70 The fax (like many of the communications in this case) was written very sloppily. It would have been patently clear to any reasonable reader that the fax was not composed with much care. In this circumstance, a reasonable reader should have hesitated to conclude that the fax made a major concession merely by indirect implication.
71 As AWB emphasised, its fax of 3 August 1999 does not refer directly to the damages claim. If AWB were accepting the damages claim in this fax, it was unusual that it did not refer to the claim directly, given its size and nature. If AWB was accepting the damages claim, it would reasonably be expected that it would do so distinctly and that the fax would refer to the claim expressly. Bearing in mind that the damages claim was the far bigger, and potentially more contentious, of the claims for payment outlined in the letter of 28 June 1999, it was unlikely that AWB would accept the damages claim without expressly and directly referring to it.
72 The parties disagreed about whether the damages claim would have faced significant hurdles under the Charter Party. I need not consider this dispute in detail. It is sufficient to say that a reasonable reader familiar with the circumstances known to the parties (such as the terms of the Charter Party) would be aware that the damages claim was more likely to be contested by AWB than matters affecting the freight balance. This is because the damages claim was very much larger than any other item that AWB was being called on to pay and was less straightforwardly related to the Charter Party. This consideration provides further support for the conclusion that a communication accepting the damages claim would be expected to refer specifically to that claim.

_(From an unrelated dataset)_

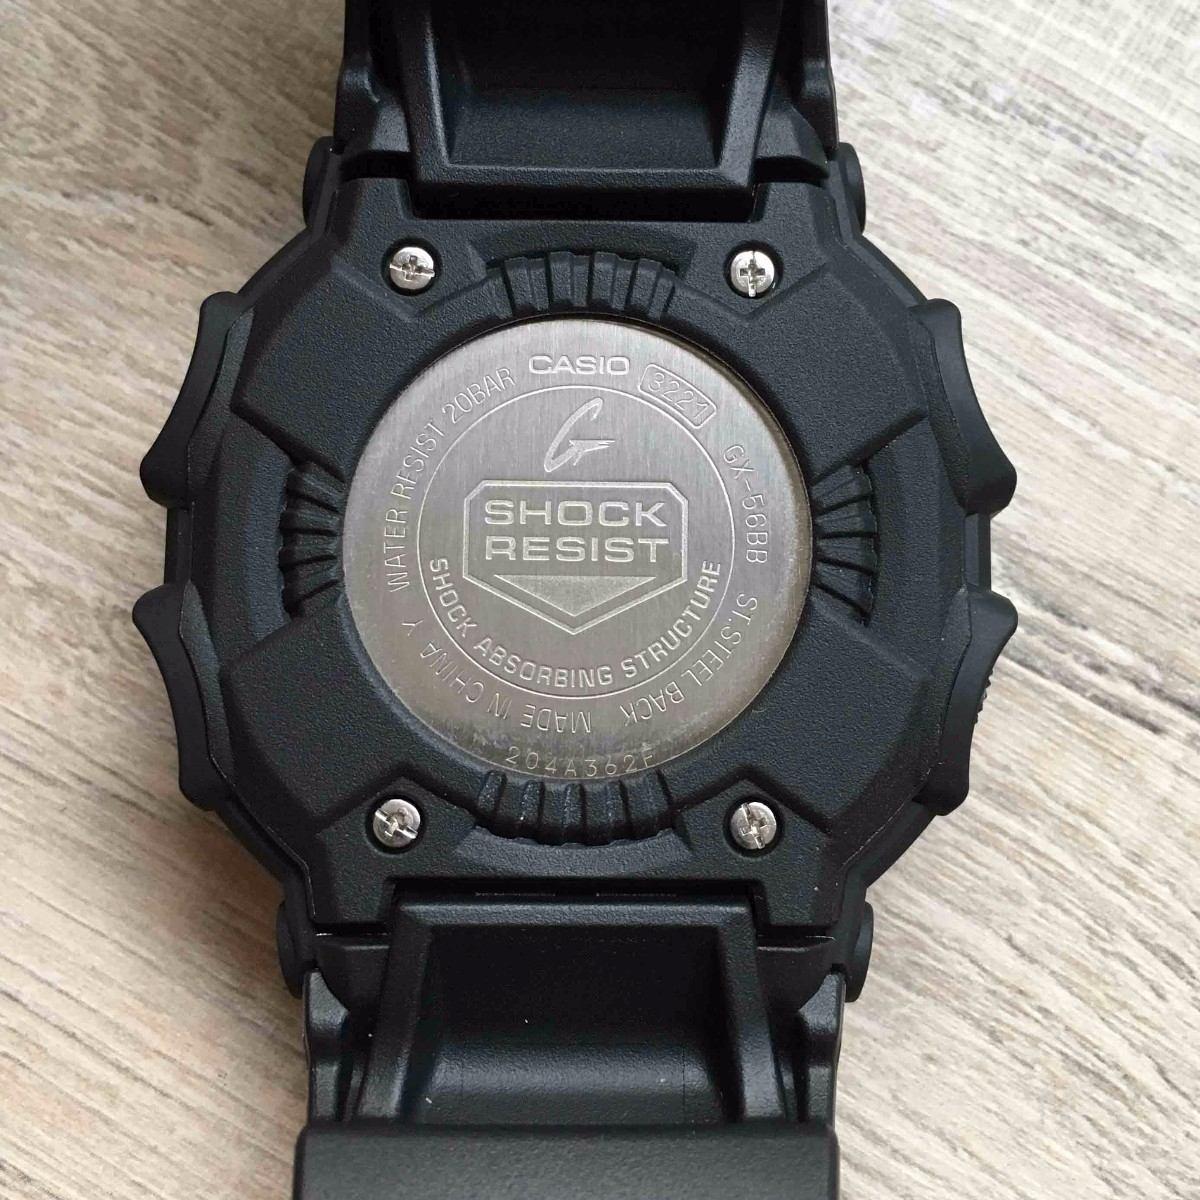 aaea32afbf8 relógio casio digital g shock gx56bb gx56 militar nf. Carregando zoom.

73 When all of these factors are considered, I find that a reasonable reader would not conclude that, by its fax of 3 August 1999, AWB was accepting liability on the damages claim (as well as its quantum). I accept that some factors (such as those outlined by the applicant at [42] above) militate in the other direction. The other considerations to which I have just referred outweigh these factors and lead me to conclude that AWB's fax of 3 August 1999 said nothing about the damages claim against AWB. This provides an alternative ground for dismissing the applicant's contract claim.
Acceptance
74 AWB contended that, if its fax were construed as an offer, then Soufflet Négoce's reply was not an acceptance. Having found that no offer was made on 3 August 1999, it is unnecessary to consider this issue.
Disposition
75 The applicant's claim for breach of contract should be dismissed with costs.
I certify that the preceding seventy five (75) numbered paragraphs are a true copy of the Reasons for Judgment herein of the Honourable Justice Kenny.